Google Says: Top This

Google announced tonight that it will up its Gmail limit to 2 GB, and that it plans to increase the limit to…the sky. Really. This is not an April Fools' joke. I spoke to Google PR, and they told me that they shortly intend to lift the limit entirely…

Gmailnolimit

Google announced tonight that it will up its Gmail limit to 2 GB, and that it plans to increase the limit to…the sky. Really. This is not an April Fools’ joke. I spoke to Google PR, and they told me that they shortly intend to lift the limit entirely on Gmail – well, not entirely, but they hope to allow as much as possible – which in the end, I was told, makes it pretty much limitless. Google Grid, ho! (I did ask them about the abuse of this feature – and they told me they’d get back to me….). BTW, the Gmail site has a cute (I hate that word, but it fits) doodle on the whole idea. Image at left.

Not to beat a tired horse, but why do this? Mail = pageviews. Pageviews = profits. Rinse. Repeat.

6 thoughts on “Google Says: Top This”

  1. you’re right about the motives. Emial is my most used service on the net. And it’s one of the few places where I actually click ads

  2. John, when Google launched Gmail they did say that they set it to 1Gb but ultimately they wanted it to be limitless. So the concept behind this is not new, even if the implementation is. I bet that if you take out all the users who are industry insiders, or who code Mozilla for fun, or who have ten laptops in a LAN at home, the number of people using anywhere near 1Gb is miniscule. So 2Gb, to Joe Average, is nothing more than psychological.

    Yes, email page views mean more revenues – but Gmail still has tiny market share compared to the big boys, and the email PPC model is far from proven yet, and I bet you that the revenues from Gmail are also relatively tiny (see the pre-Business-Week post about one trick ponies).

    As for the Grid, there is a world of difference between 2Gb of storage and the Grid. Even if the Grid would come about as a result of online storage (there is a lot more than that required), it smacks of ‘build it [storage] and they will come’ – most users outside our cosy tech community have little use for 2Gb of online storage.
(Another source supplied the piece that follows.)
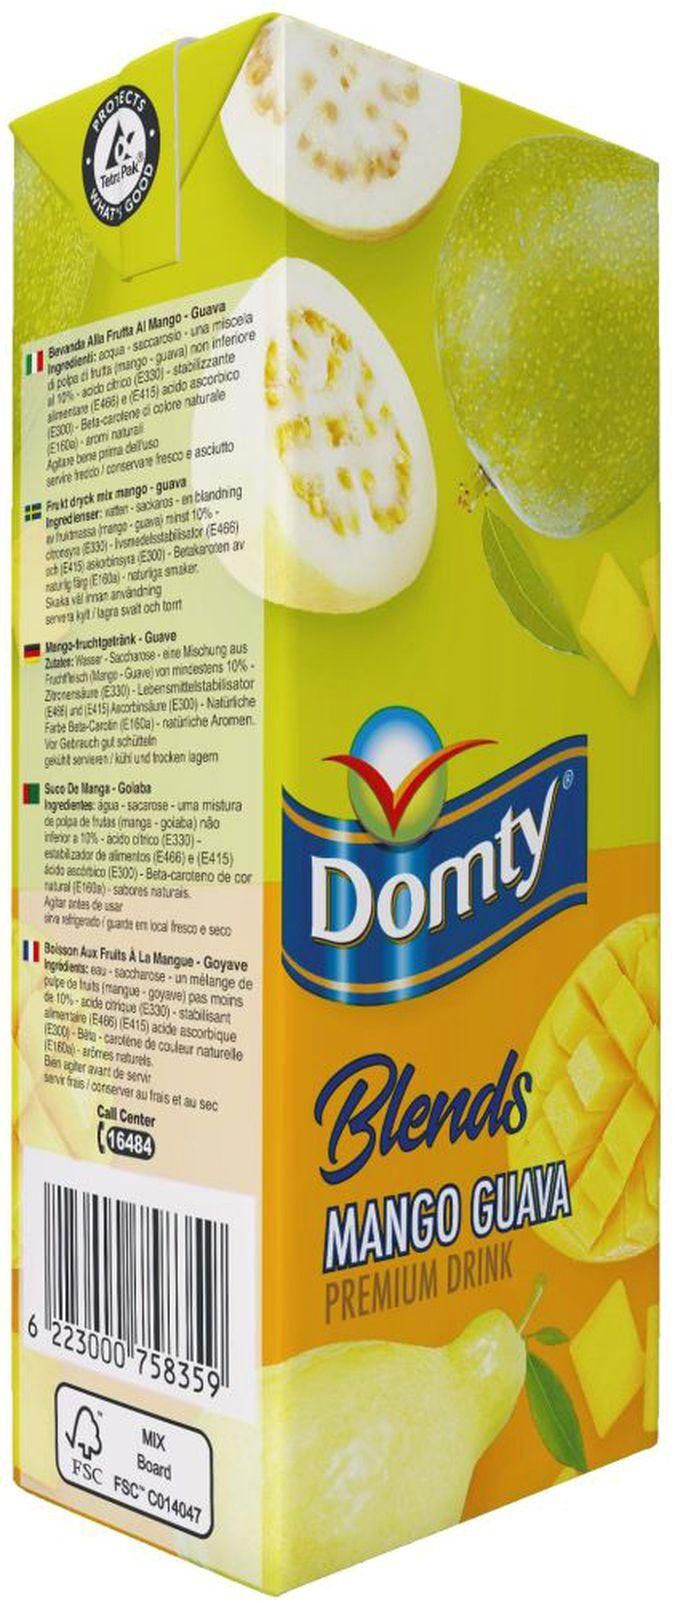 Domty Blends Mango Guava Premium Drink - 235ml

The only thing they could store would be music and videos – hardly worth doing when it takes aeons to download stuff even over broadband (I exaggerate, but you know…) – and in Europe at least we are all being migrated slowly to pay-per-megabyte so online storage will not be so free to download/upload.

    Raising the storage to 2Gb is nice marketing, but nothing more. If they want Gmail to be revolutionary, let them compete on real features. Ironic that they are forced to compete on storage, when they specifically said a year ago that the point of 1Gb was to make storage a non-issue. And why do they still pussyfoot around with 1Gb or 2Gb, why don’t they say 10 or 100 or limitless? The ‘cute’ chart shows the gap between the spiel and the reality – let them stop messing around with limits and just give out that infinity+1.

  3. My gmail account is now at 2051 mb and growing. But the rate of growth is down dramatically from yesterday. At the current rate it looks like I’ll get about 3 MB of additional space a day, or another 1 GB over the next year. Cool!